Get read to cruise back to Pawnee, Indiana; Here is a ranking of every Parks and Rec season finale.
8 “Freddy Spaghetti” (S2 E24)
"Freddy Spaghetti" has Ron making government cuts alongside state auditors during a government shutdown. On the other hand, Leslie is adamant about saving a kid’s concert that stars the popular musician Freddy Spaghetti. Andy and April become an item, and Ann tries to get over her resurfacing feelings for him.
The episode marked Paul Schneider’s final appearance as a regular cast member. It was also the second to feature Adam Scott and Rob Lowe as Ben and Chris respectively.
The finale received generally positive reviews, with many praising the full-circle way Leslie and Mark’s relationship is brought to a close.
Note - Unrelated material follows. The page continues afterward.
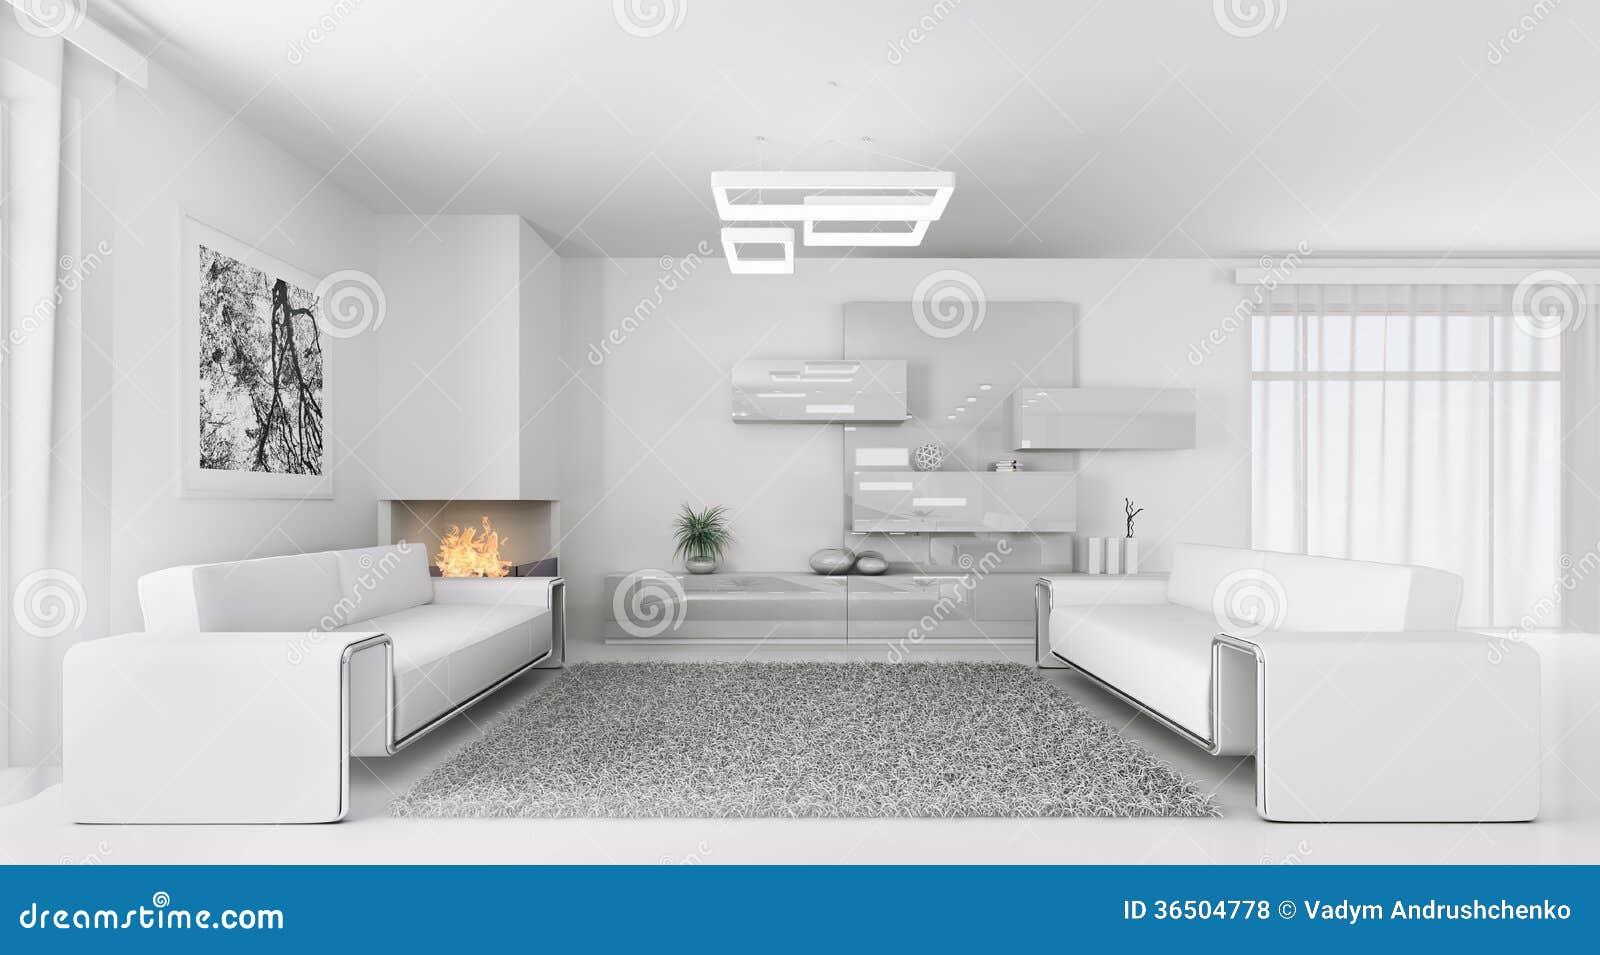 Modern white interior of living room 3d render stock image for Modern white interior
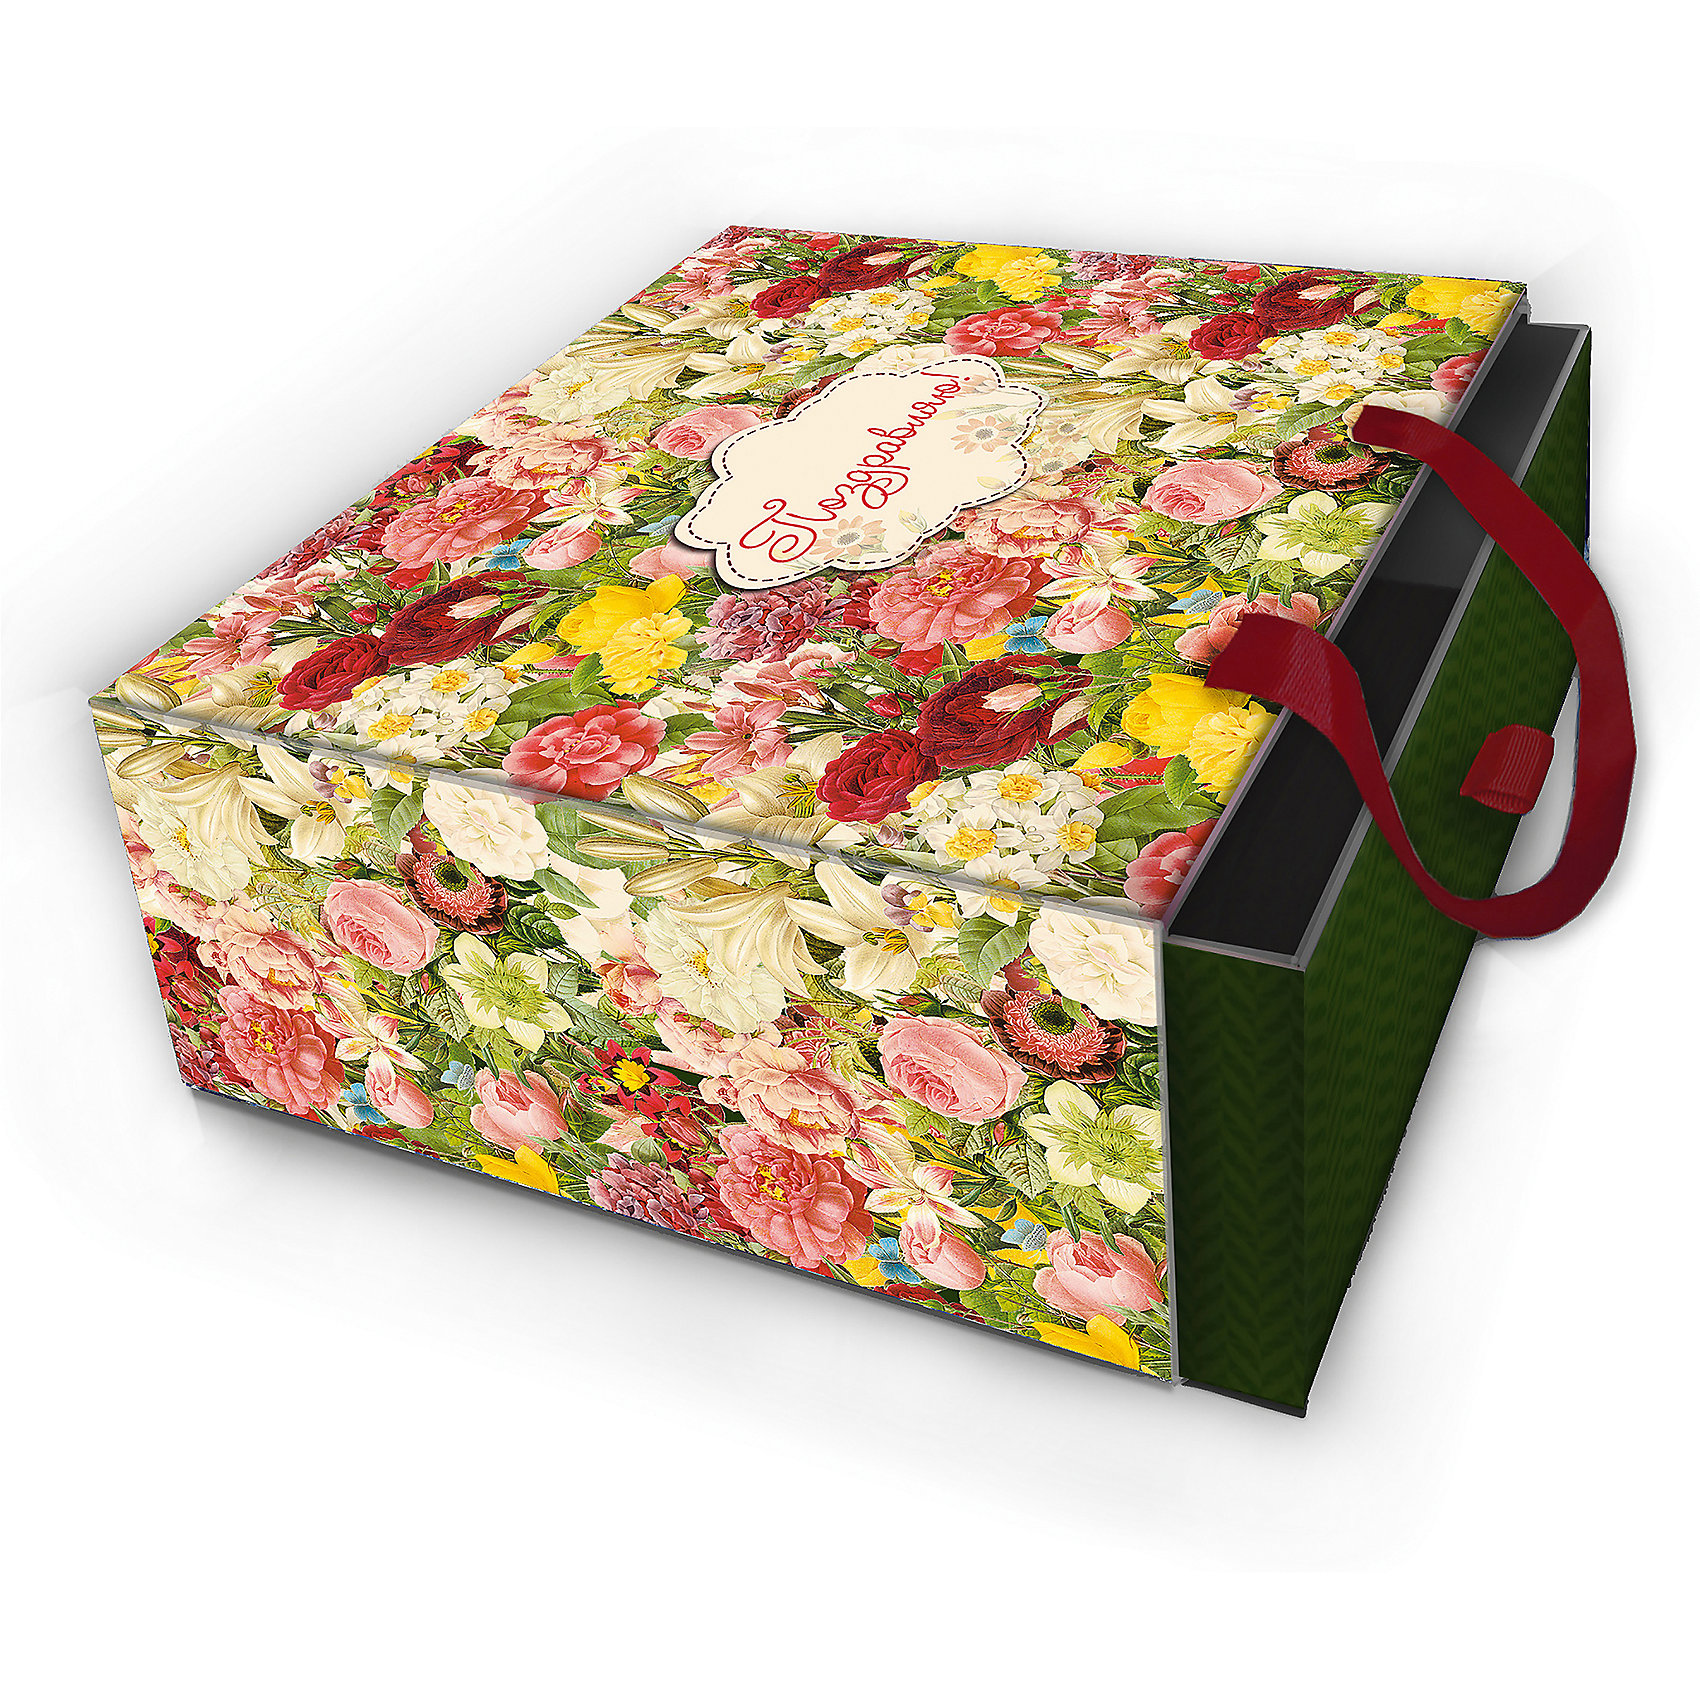 Коробка подарочная Райский сад, 18х18х9,5см., Феникс-ПрезентКоробка подарочная Райский сад, 18х18х9,5см., Феникс-Презент<br><br>Характеристики:<br><br>• оригинальный дизайн<br>• удобные ручки на внешней стороне<br>• петелька на внутренней части<br>• размер: 18х18х9,5 см<br>• материал: ламинированный картон, текстиль<br><br>Если вы хотите добавить подарку оригинальности - используйте необычную подарочную коробку. Коробка Райский сад изготовлена из прочного ламинированного картона. Она состоит из двух частей. Внутренняя часть вставляется в наружную. На внутренней части есть небольшая петелька, с помощью которой получатель с легкостью достанет подарок. Наружная часть имеет две красивые ручки для удобства переноски. Коробка оформлена ярким изображением цветов.<br><br>Коробку подарочную Райский сад, 18х18х9,5см., Феникс-Презент можно купить в нашем интернет-магазине.<br><br>Ширина мм: 180<br>Глубина мм: 180<br>Высота мм: 95<br>Вес г: 243<br>Возраст от месяцев: 36<br>Возраст до месяцев: 2147483647<br>Пол: Унисекс<br>Возраст: Детский<br>SKU: 5449640

It also set up many other romantic interests that would push the story forward in the future.
7 “Moving Up” (S6 E21/22)
The Season 6 finale has Leslie, Ben, and Andy visiting the National Parks Conference in San Fransisco. With a little help from Michelle Obama, Ben convinces Leslie to take a job in Chicago. However, a three-year jump forward at the conclusion of the episode shows the couple dealing with the stress of raising triplets and balancing work.
The cameo game was strong, with bands including The Decemberists and Letter to Cleo appearing in addition to Mrs. Obama. The setup for the following season was also solid, and the time jump encouraged fresh content to follow.
6 “Rock Show” (S1 E6)
The Season 1 finale sees Andy finally getting his casts removed, Ann considering whether or not her relationship with Andy is a beneficial one, and Leslie figuring out her own feelings toward Mark while he is drunk.
Many cited this episode as being the one that helped guide Parks and Rec in its own direction. Co-creator Michael Schur, in fact, said that Season 1 was treated like a six-episode pilot — and this last one was what helped tie it all together.
April notably tells Andy that she understands him when he describes to her his style of music during one scene in the episode. Improvised by Aubrey Plaza, this line helped the writers move the characters’ relationship in a more romantic direction when they realized the unlikely connection between the two.
5 “Are You Better Off?” (S5 E22)
Leslie and the rest of the Parks staff go camping in the woods. What they leave behind is a positive pregnancy test, and after Andy discovers it, he takes on his role as Burt Macklin, FBI to determine which of the five women staying at the cabin got pregnant. Meanwhile, Leslie hosts a Founder’s Week public form to commemorate her first year as a Pawnee councilwoman and Tom’s Rent-A-Swag business is met with a potential buyer.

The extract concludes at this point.